Ramagem, atualmente deputado federal pelo PL, não foi alvo da ação, mas é citado no inquérito relatado pelo ministro Alexandre de Moraes, do STF (Supremo Tribunal Federal).

Procurado pela Folha, Ramagem afirmou, por meio de sua assessoria, que "representou na Polícia Federal" para obter informações sobre as questões abordadas na reportagem.

O uso do FirstMile veio a público após o jornal O Globo revelar que dois servidores da Abin envolvidos em uma suposta fraude licitatória no Exército citaram a utilização da ferramenta pela agência no processo em que seriam demitidos.

Os dois servidores foram presos na operação da PF e demitidos no mesmo dia. Eles são suspeitos de coerção ao utilizar o conhecimento sobre o uso do software espião para evitar a demissão em um processo disciplinar interno.

A dupla era investigada internamente por atuar em uma licitação do Exército utilizando uma empresa em nome de parentes.

Eduardo Izycki e Rodrigo Colli, diz a PGR, "cientes do uso indevido do sistema First Mile para fins alheios a missão institucional da Abin provocaram o ex-diretor-geral, Alexandre Ramagem, a retardar o julgamento do PAD 03/2019".
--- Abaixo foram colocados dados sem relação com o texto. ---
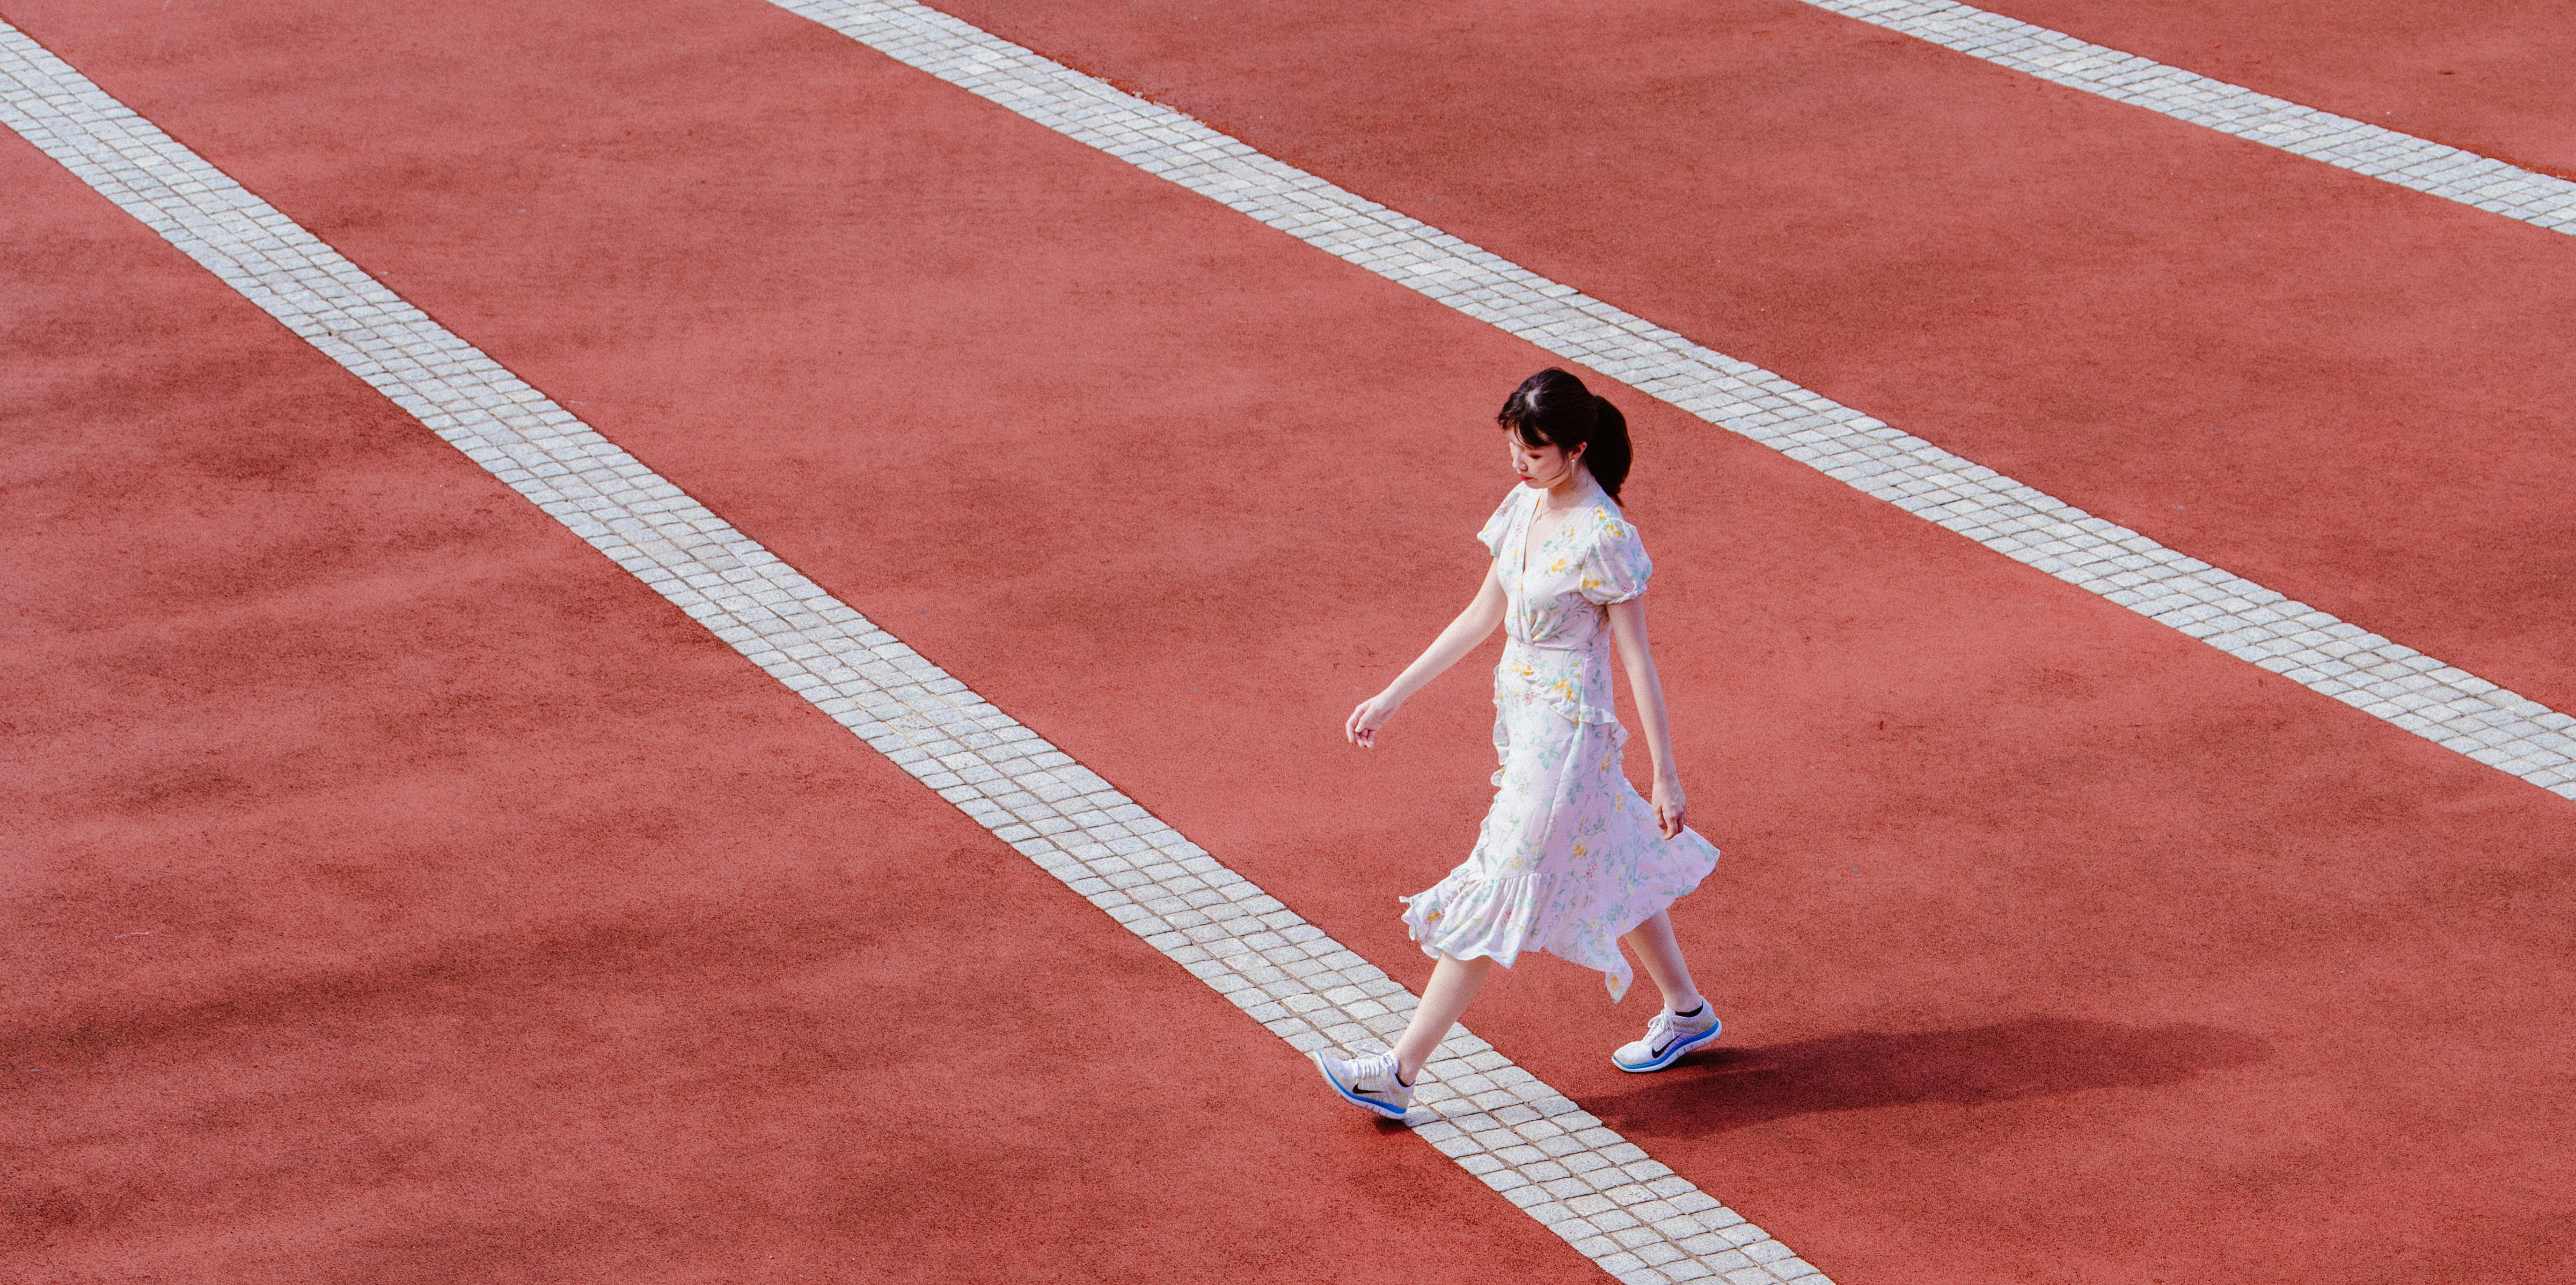 Image: Ryoji Iwata / Unsplash

O ex-diretor, segundo a Procuradoria, teria convertido o julgamento em diligência, com a nomeação de nova comissão processante, e deixado de submeter as conclusões da primeira comissão ao ministro do Gabinete de Segurança Institucional, responsável por apreciar e decidir sobre esses casos.
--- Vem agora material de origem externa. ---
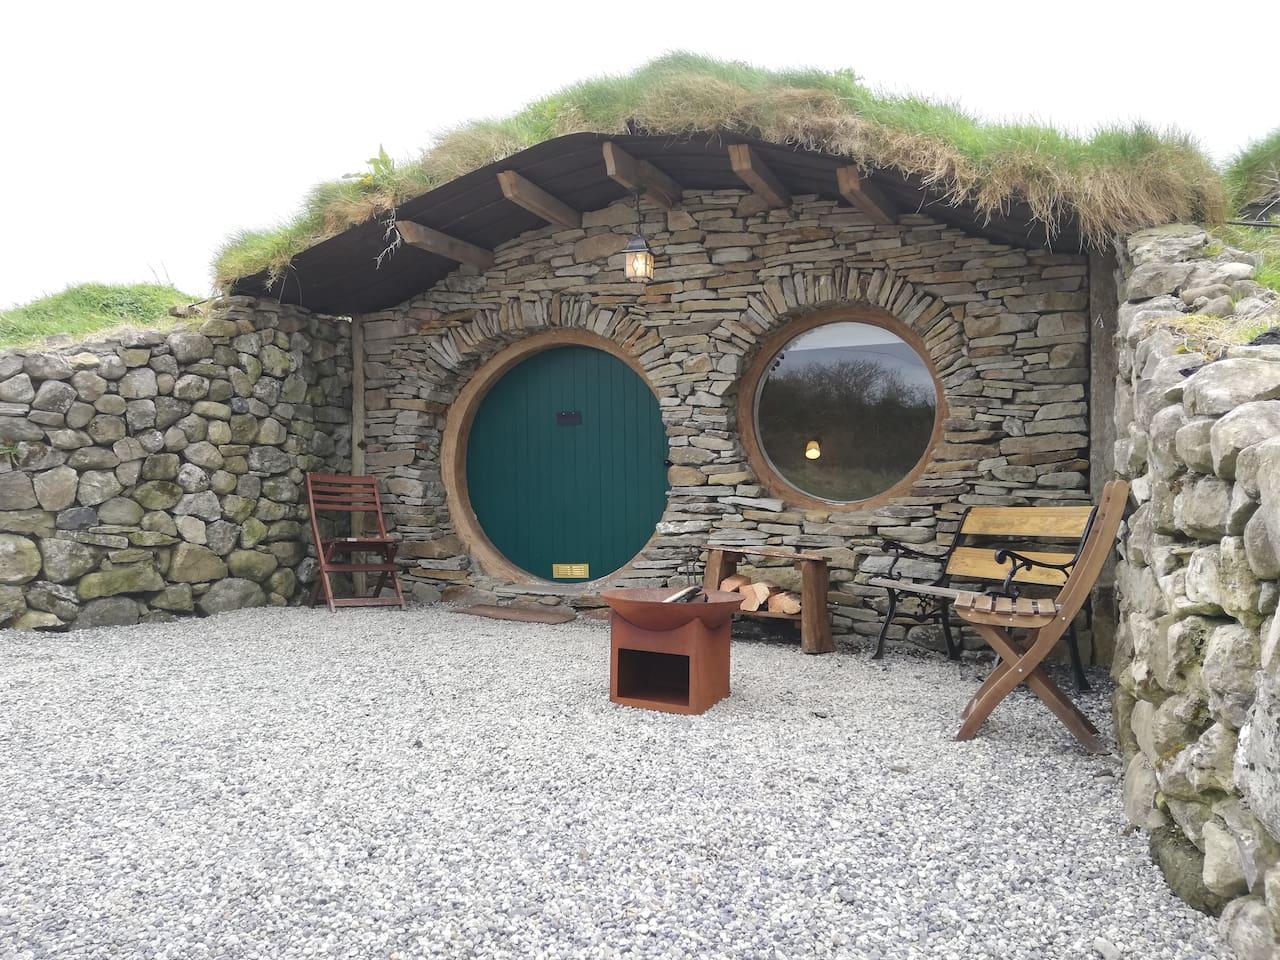 Exterior of the hobbit hut

"Há indícios de prática de concussão e de corrupção ativa de Eduardo Izycki e Rodrigo Colli e de corrupção passiva pelo ex-diretor-geral da Abin Alexandre Ramagem", diz a PGR.

O advogado Rafael Adamek, que atua na defesa de Izycki e Colli, afirmou que as investigações tramitam sob sigilo e, em razão disso, não comentaria o caso.

O ministro Alexandre de Moraes, ao acatar pedido da PF para prisão, atrela a necessidade da medida à busca de provas sobre "quais elementos estão em posse destes (Izycky e Colli) a ponto de fazer o ex-diretor Alexandre Ramagem praticar atos administrativos fora de sua competência na defesa destes".

Sobre a compra e uso do software, a PF diz que Ramagem está entre os responsáveis pelas ações e omissões e faz parte do "núcleo da alta gestão", integrado por policiais federais lotados em cargos de assessoramento e direção na Abin durante o governo Bolsonaro.

"A potencial ciência e participação dos então responsáveis pela gestão da Abin ganha relevo quando, em ação extemporânea após o esgotamento do uso da ferramenta, constroem processo administrativo ‘correicional’ para garantir a ‘legalidade a posteriori’ de sua ações", diz a PF.

A suspeita é de que todas as irregularidades praticadas desde a compra, ainda no governo de Michel Temer, em 2018, passando pelo uso e as tentativas de evitar a apuração interna resultaram no monitoramento de diversas pessoas sem relação com o trabalho da Abin entre 2019 e 2021.

Para a PF, os fatos apurados apontam para a "apropriação indevida da Abin por parte dos altos gestores, em sua maioria policiais federais, com o fim de reduzir o órgão ápice do sistema brasileiro de inteligência a instrumento para fins ilícitos".

A PF afirma que desde o início a Abin sabia do caráter invasivo do software e de sua capacidade de invadir a rede de telefonia nacional.

Para os investigadores, já na proposta comercial, a empresa vendedora informou o uso pela ferramenta de "estrutura de telefonia no exterior (SS7) para simular chamadas em roaming, inclusive valendo-se de envios de SMS Spoofing, resultando na manipulação dos sinais da rede de telefonia".

"O Estado brasileiro, portanto, efetuou o pagamento de R$ 5 milhões para empresa estrangeira realizar ataques sistemáticos à rede de telefonia nacional para comercializar dados pessoais sensíveis que resultaram na disponibilização da geolocalização de diversos cidadãos brasileiros sem qualquer ordem jurídica", afirma a PF.

Entre os alvos, a PF cita professores, advogados, políticos e outros, sem detalhar a identidade de cada um.

Em outubro, a Abin afirmou que a ferramenta deixou de ser usada em maio de 2021, e que colabora com a PF e o STF desde o início das apurações. A PF também decidiu investigar o Exército depois que a Folha mostrou que a instituição havia adquirido o sistema.